Demokrasinin olmazsa olmazı: Kuvvetler ayrılığı - Prof. Dr. Hakkı UYAR
Olaylar Ve Görüşler
Son Köşe Yazıları

Demokrasinin olmazsa olmazı: Kuvvetler ayrılığı - Prof. Dr. Hakkı UYAR

25.07.2020 07:00
Güncellenme:
Takip Et:

Çağdaş demokrasilerin temeli kuvvetler ayrılığına dayanır. Yürütme, yasama ve yargı organlarının birbirlerinden bağımsız olmaları ve ama birbirlerini dengelemeleri ve denetlemeleri (check and balances) esastır.

Kuvvetler ayrılığına dayanan sistemlerin dışında kuvvetler birliğine dayanan sistemler de vardır. Bunun iki türlüsünü görmek mümkündür:

Birincisi yasama ve yürütme yetkisinin, yürütme organının elinde toplanması şeklindedir. İkincisi ise yasama ve yürütme yetkisinin yasama organının elinde toplanmasıdır (Meclis Hükümeti Sistemi). Hatta bazen yasama organı yargı yetkisini de üzerine alabilmekteydi. Bunun tipik örneği Birinci Meclis’in İstiklal Mahkemeleri eliyle yargı yetkisini de üzerine almasıdır.
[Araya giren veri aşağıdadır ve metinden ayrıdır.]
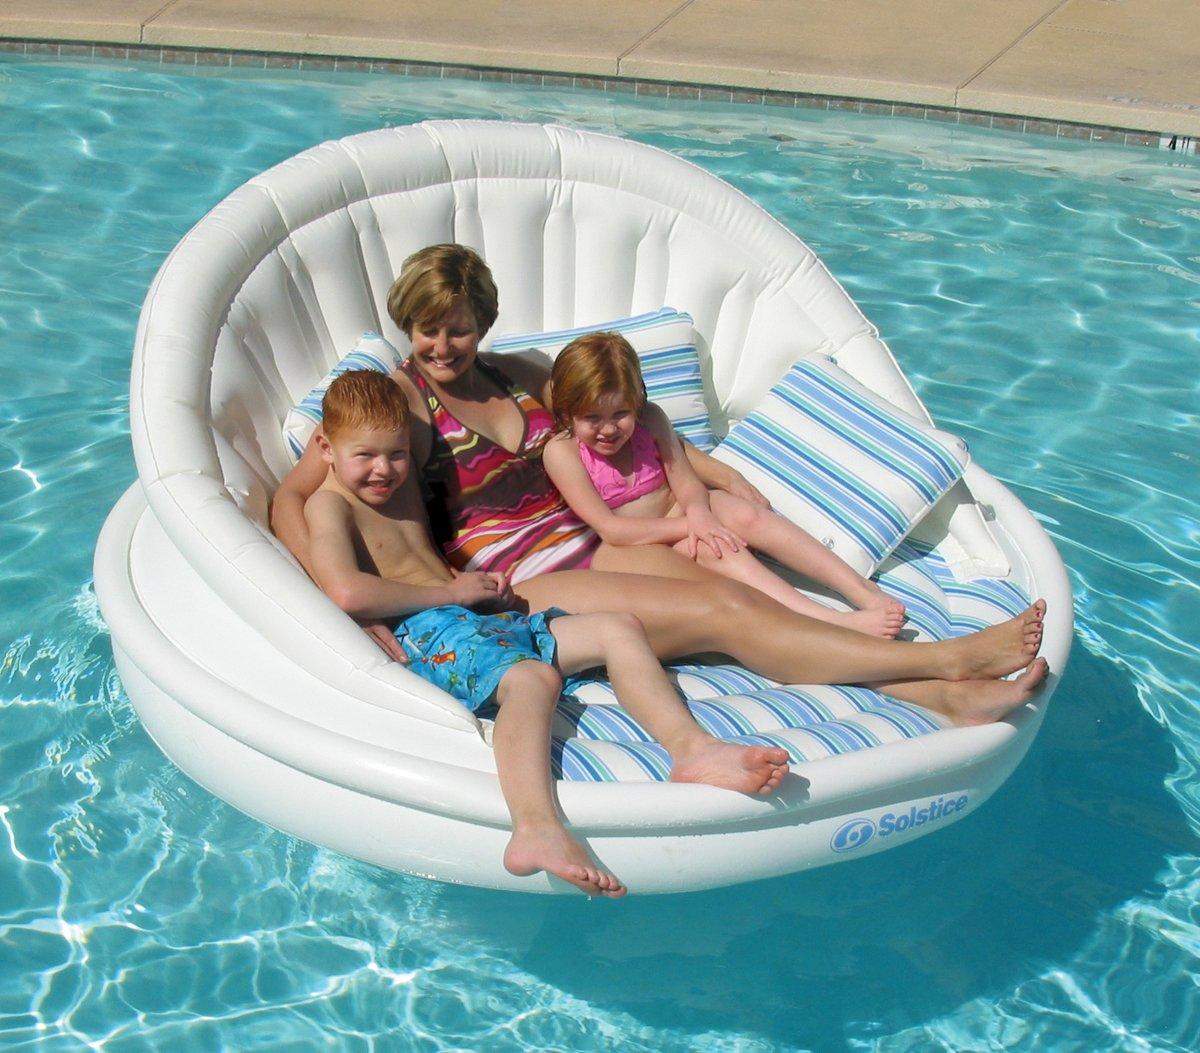 Solstice Aqua Sofa 2 Person Lounge by Swimline

Meclis Hükümeti sisteminin genel olarak olağanüstü ve sorunlu dönemlerde uygulandığı görülmektedir (İstisnası bunu kısmen uygulayan İsviçre’dir). Meclis Hükümeti sistemi, 1792-1975 yılları arasındaki Konvansiyon Meclisi’nde (Fransa) ve 1920-1923 yıllarındaki Birinci Meclis’te (Türkiye) uygulandı. 1921 Anayasasına göre yasama ve yürütme yetkisi TBMM’de toplanmıştı. İstiklal Mahkemeleri eliyle yargı yetkisini de dolaylı olarak elinde bulunduran Birinci Meclis, kuvvetler birliği sistemini bilinçli olarak benimsemişti. Bunun felsefi ve kuramsal temellerinin olduğu şüphesizdir. Atatürk’ün Russo’dan mülhem olarak dile getirdiği kuvvetler birliği meselesinin tarihsel referans noktası da Fransız Devrimi’ndeki Konvansiyon Meclisi idi. Ayrıca yakın dönem Türkiye/Osmanlı tarihindeki deneyim de bunu zorunlu kılmaktaydı. Çünkü yürütme gücünü elinde bulunduran II. Abdülhamit yasama organı olan parlamentoyu feshetmişti. Vahdettin ise 1918 ve 1920’de iki kez parlamentoyu dağıtmıştı. İkinci Meşrutiyet döneminde de İttihatçılar -özellikle 1912 sonrasında- parlamento üzerinde sıkı bir denetim kurmuşlardı. Tüm bunlardan ders çıkaran Birinci Meclis, kendi üzerinde hiçbir güç tanımadığı gibi kıskanç bir şekilde bütün gücü elinde toplandı. Bu haliyle durum aslında -Tarık Zafer Tunaya’nın deyimi ile- bir tür “meclis diktatörlüğü” idi. Tunaya, bu durumu şöyle açıklamaktadır:

“Diğer bir neden de doğrudan doğruya Meclisin bir şahsın istibdadı altına girmemesi inancıdır. Bütün kuvvetleri kendinde toplamış olan Meclis, bu hususta çok kıskançtır. Bu görüşe sahip olanlar, eleştirilerini doğrudan Mustafa Kemal Paşa’ya yönelttiler ve karşısında muhalefeti oluşturdular.”   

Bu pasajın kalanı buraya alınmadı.